Par ailleurs, ce fléau touche également des adultes désespérés et écrasés par les difficultés de la vie. On citerait le cas d’une jeune femme âgée de 25 ans, originaire du village de Touila (délégation de Menzel Mhiri), et qui s’est immolée par le feu devant le siège du gouvernorat de Kairouan, et ce, pour protester conte le refus des responsables régionaux d’embaucher son mari, âgé de 40 ans, dans les chantiers temporaires. Lassée des fausses promesses, elle a fini par craquer, elle qui s’apprêtait à donner la vie au mois d’août 2023, a perdu la sienne par ce geste de désespoir !
Où sont les cellules d’écoute ?
Interrogé sur le phénomène de suicide qui a concerné, entre 2023 et le premier mois de 2024, 12 cas, M. Radhouen Fatnassi, enseignant et activiste de la société civile, nous confie : «L’adolescence est une période de la vie extrêmement importante pour la formation de la personnalité, or elle est vécue généralement dans les frustrations, les privations et la souffrance. En outre, cette période peut durer beaucoup plus longtemps qu’on ne le croit, en raison d’une scolarité longue et difficile et de difficulté à trouver du travail ».
Par ailleurs, enchaîne-t-il, « l’absence de valeurs sociales et morales, le manque de liens solides, l’échec scolaire, la misère sociale et le manque d’encadrement favorisent ces comportements suicidaires. Et puis, le taux des établissements éducatifs où il existe des cellules d’écoute est très faible.
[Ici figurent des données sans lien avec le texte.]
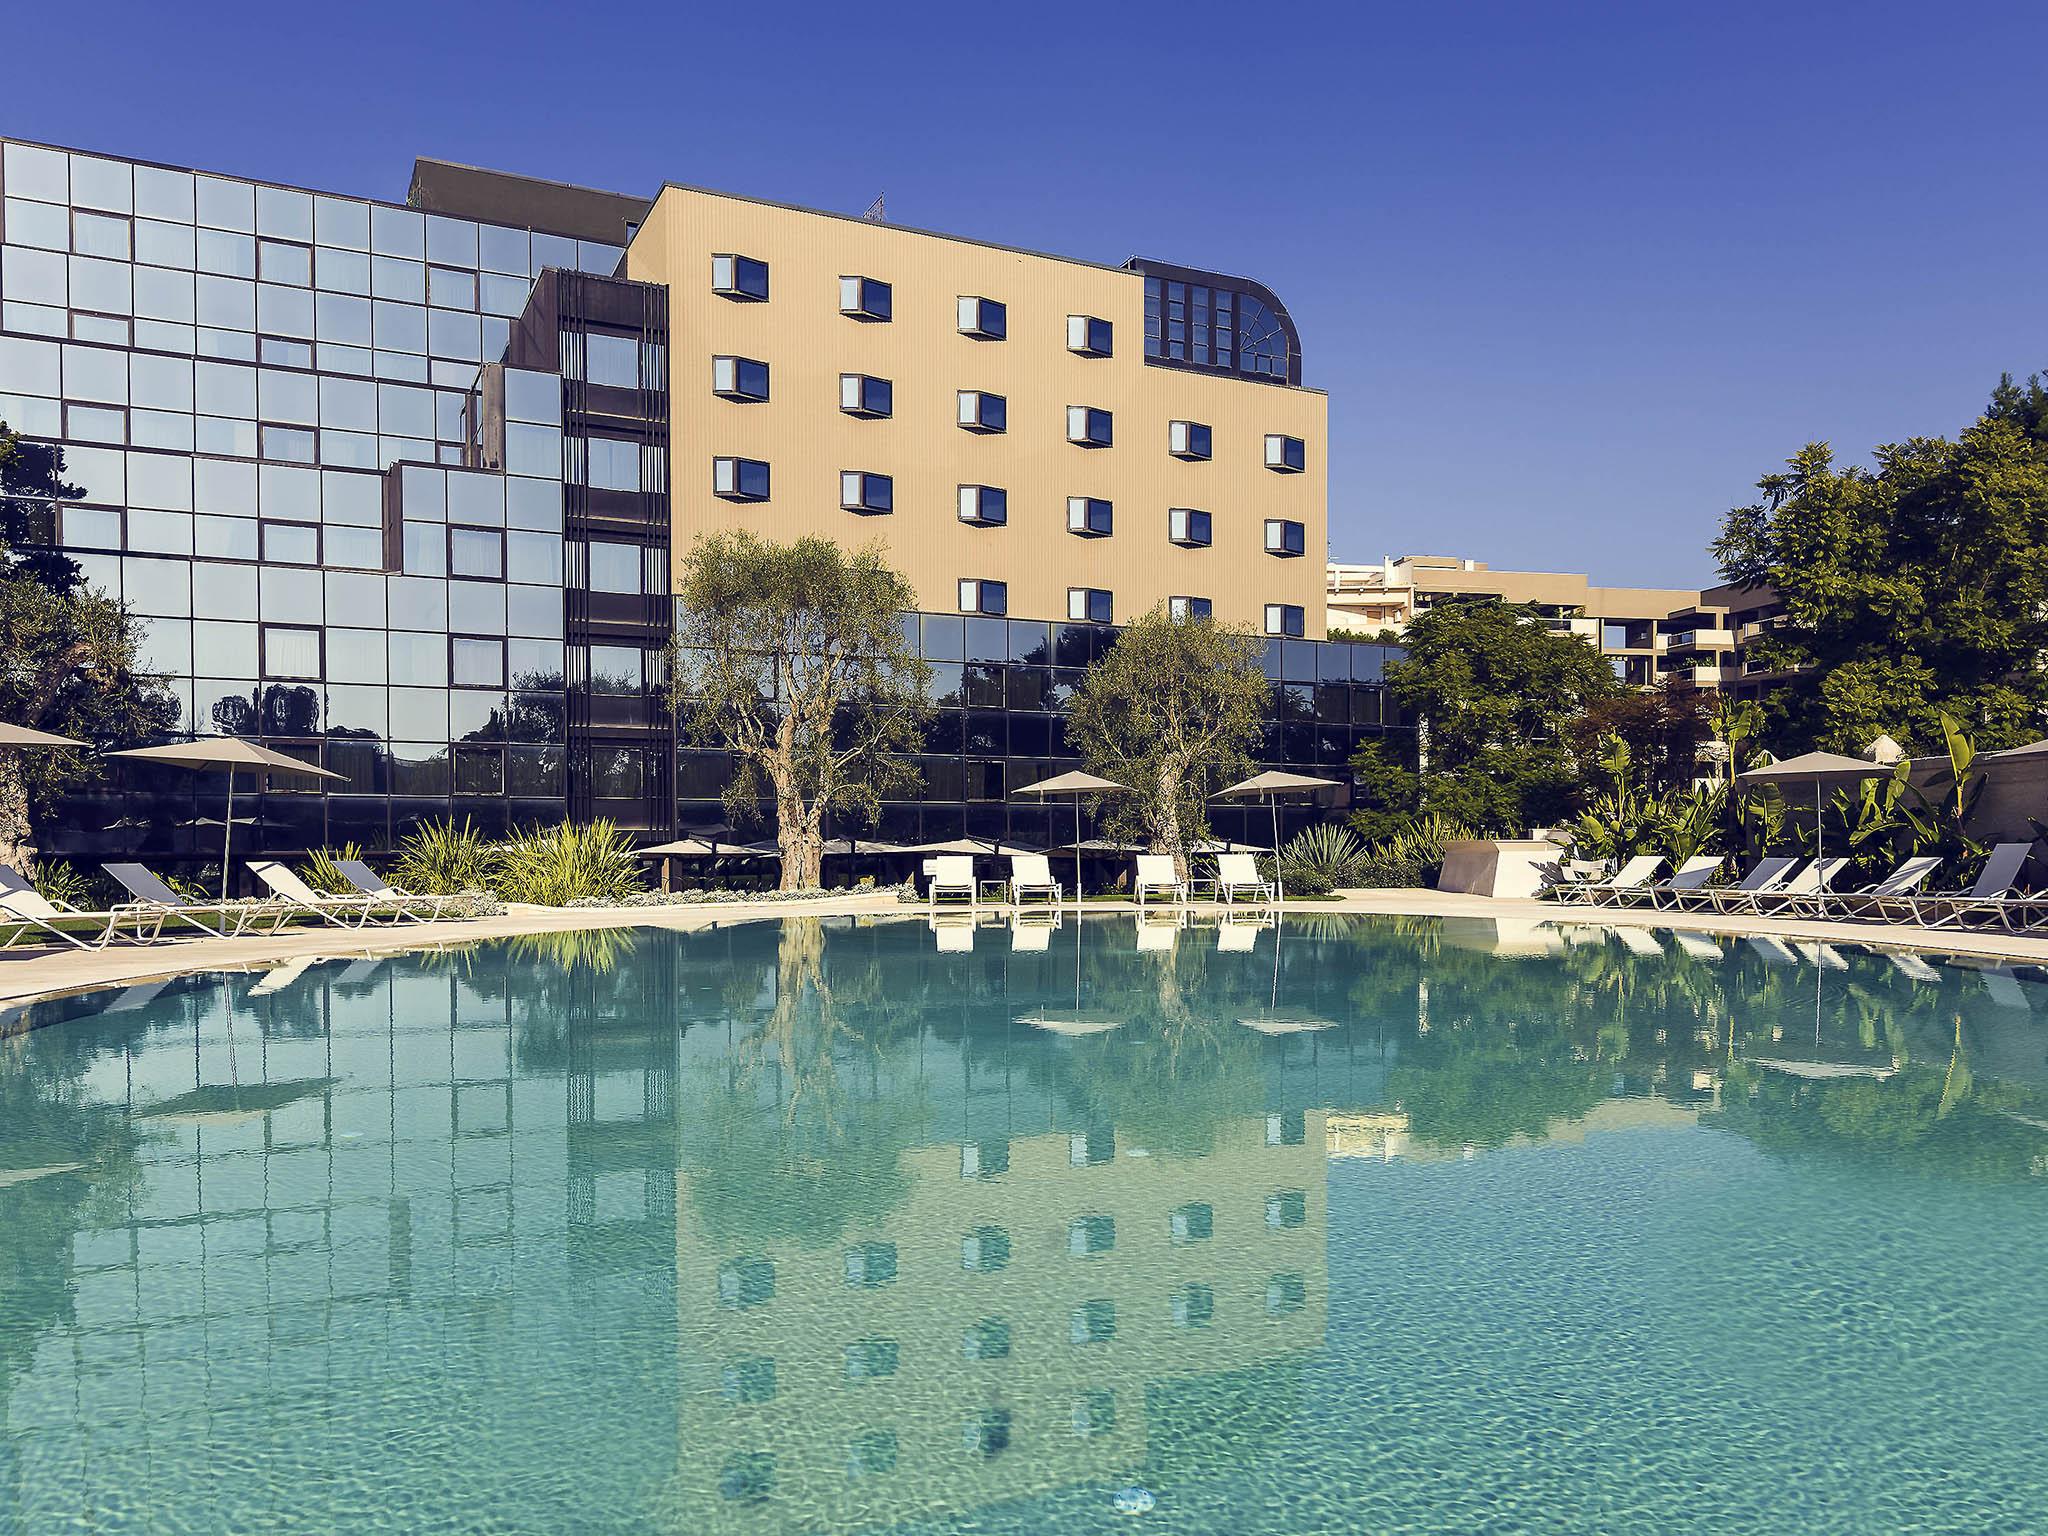 فندق - Mercure Villa Romanazzi Carducci Bari

Rares sont les cellules qui font preuve de dynamisme en donnant l’occasion aux adolescents d’exprimer leurs problèmes personnels…». Et d’ajouter, en conclusion : «Par le passé, les gens étaient nécessiteux, mais ne se suicidaient pas pour autant, car les liens sociaux et familiaux étaient solides, ce qui permettait de franchir l’adolescence sans gros problème… Ce n’est plus le cas aujourd’hui où le traitement médiatique du suicide a eu des répercussions néfastes sur des individus vulnérables et désemparés…».